If you assume the question is for x86, which seems reasonable, you have to read the bytes from right to left.  I imagine the bit ordering is the same, as it is for the integer variable above.

So it appears you have to read the bytes listed above from right to left, and calculate the floating point value.  You read the bytes from right to left, and go by IEEE 754 half precision format to calculate the decimal floating point number. Looks like it can be calculated right from:
http://en.wikipedia.org/wiki/Half_precision  Although I wonder if the byte ordering was already changed for the binary number you're presented.  And if the endienness is the same for 16bit floating point on x86.


But I am tired.

fun fun

 

[QwazyWabbit]

Thank you.

Endianness in storage is irrelevant when choosing a numerical representation like floating point. The bit pattern of IEEE754 is presented for convenience of the specification and is platform independent. It is up to the implementation of the platform to properly store, retrieve and compute values with it.

Endianness and x86 is irrelevant and cannot be assumed. That's not what the assignment was about. The assignment was about a unique representation and it was intended to teach the principles of representation methods. The representation was deliberately chosen to not conform with any known standard in order to prevent Internet copy-cat or plagiarism. It was chosen so the standard tools were useless and the work had to be done by hand and mind. The task was to read the specification and perform the implementation and obtain correct results within the specification. When implementing a specification one cannot assume anything outside the specification, including the processor it may or may not be used on. For all we know, it might be a custom ASIC or a DSP.

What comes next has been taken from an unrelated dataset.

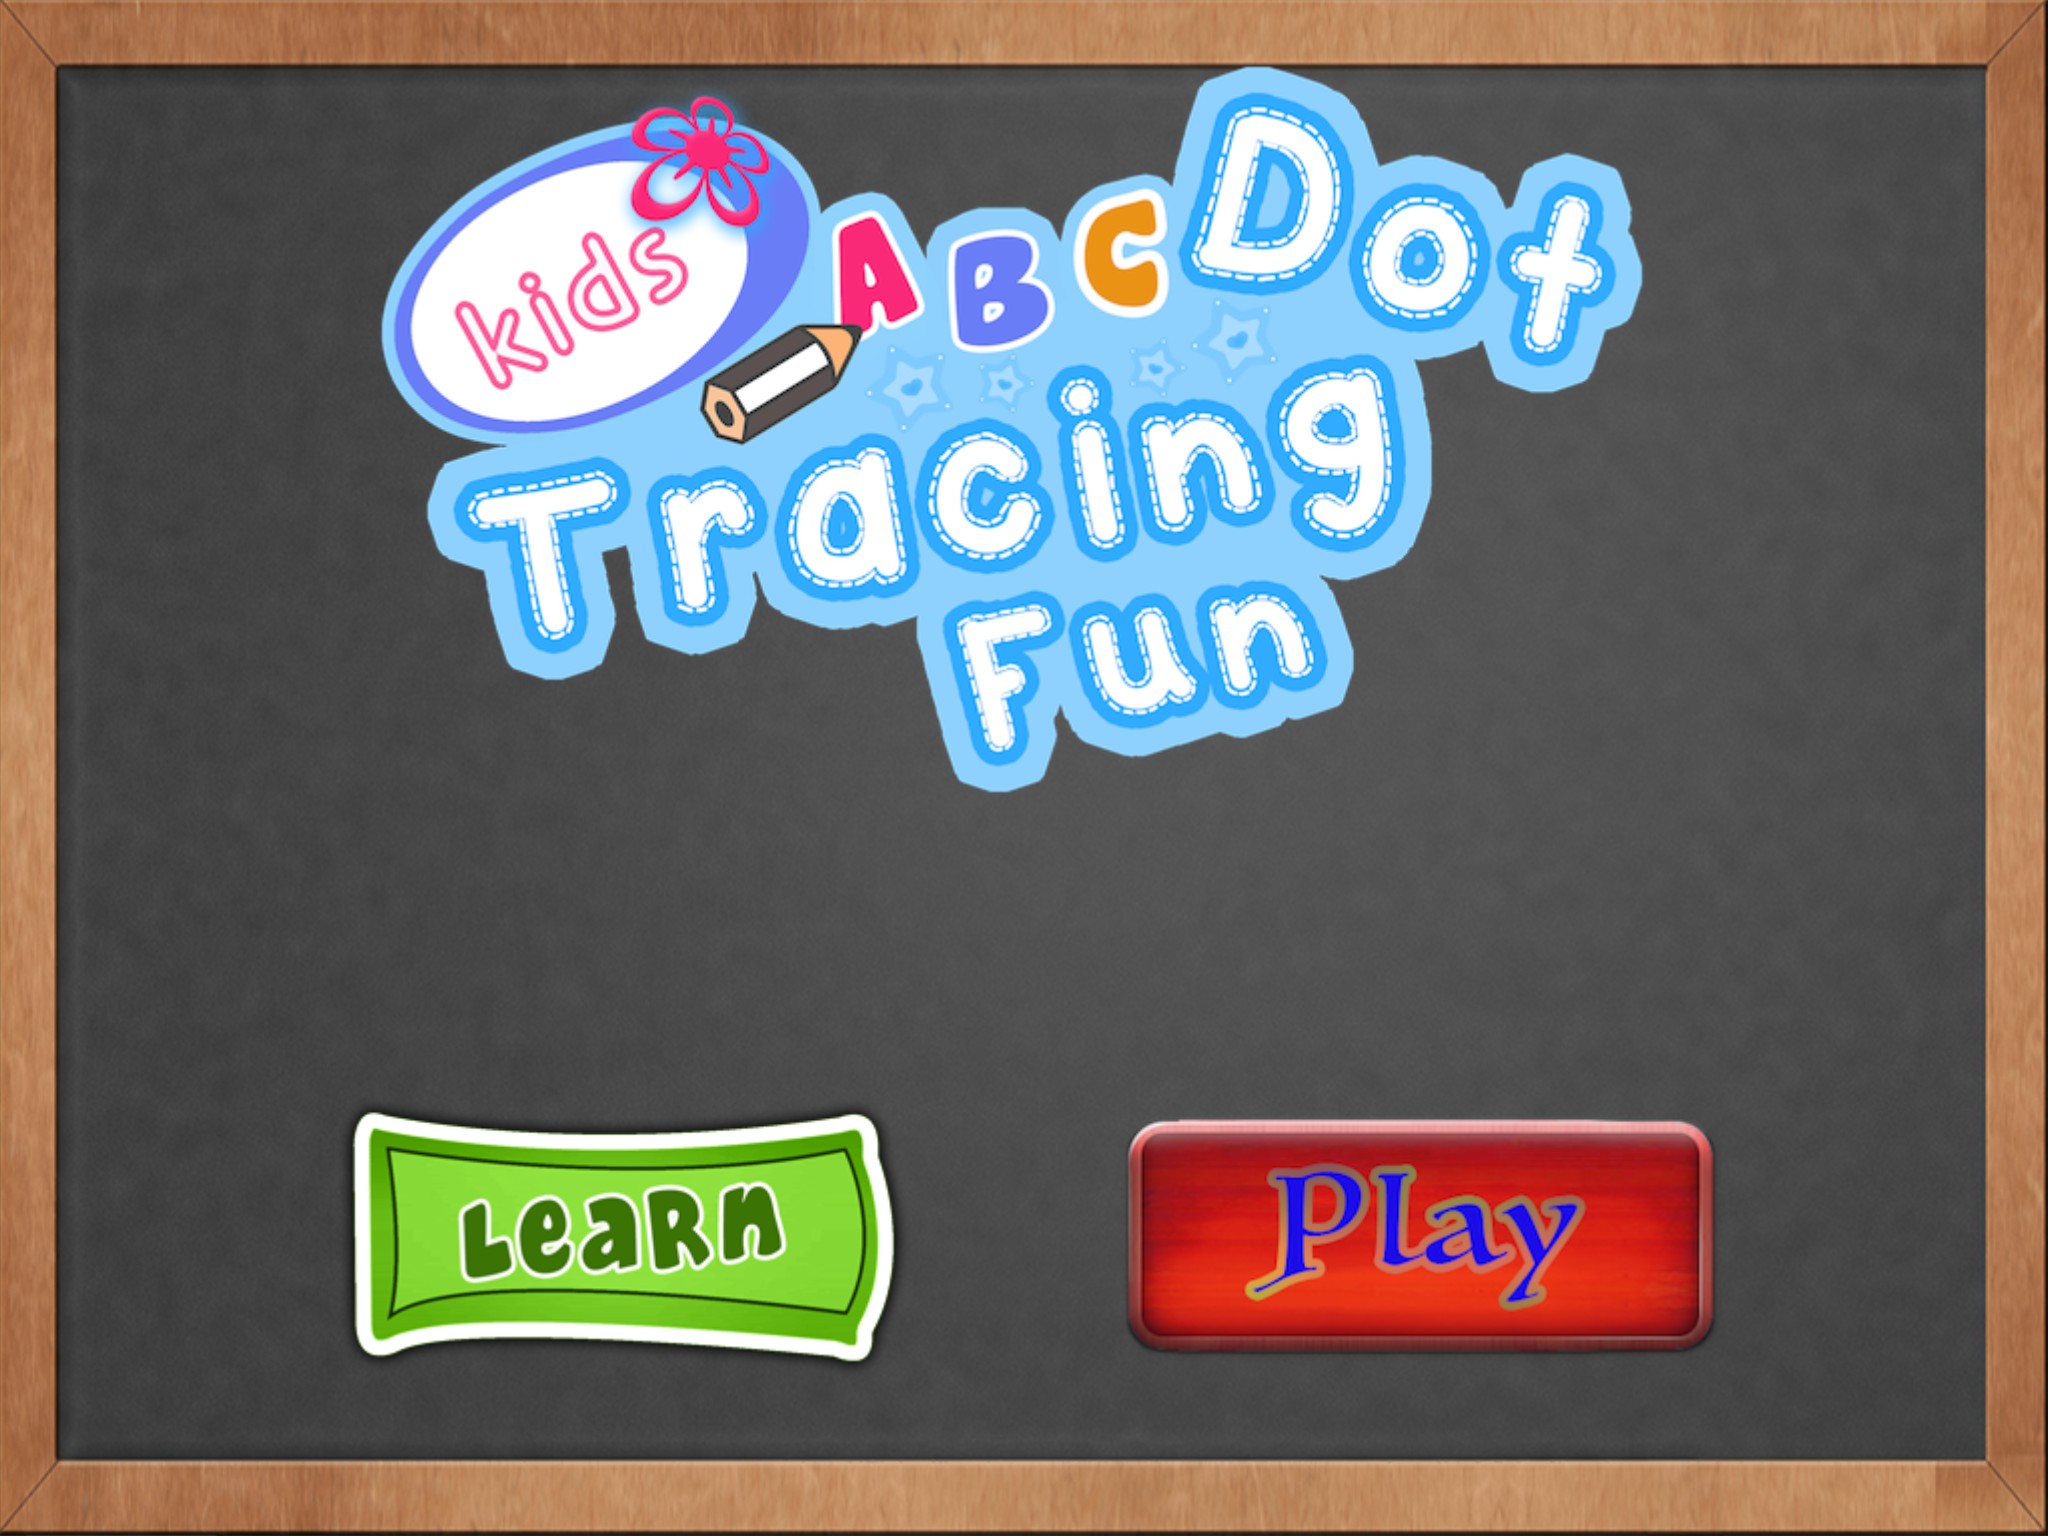 Kids ABC Dot Tracing Fun

There are also glaring holes in the specification, especially with respect to the endianness of the bit-wise representation since "twos complement" and "left to right" are in conflict as I interpret them. A twos complement representation implies the bit values increase from right to left, but the specification demands the reading of mantissa and exponent be from left to right, therefore it is implied that the bit values increase from left to right for this case and this is probably why adam was having trouble. The specification is incomplete and allows for mis-interpretation, IMO.

For example, the binary exponent 0110 has the value 3 when read from left to right with the sign bit on the left. It has the value 6 when read from right to left with the sign bit on the left. Which is it? If one assumes the left to right interpretation applies to the bit pattern as well as the partition of the mantissa and exponent then my implementation is correct and it has the value 3. If the left to right partition only applies to the mantissa and exponent parts and not to the bits within each of them then the right to left values apply and my implementation is wrong. The specification as given, is not clear on this.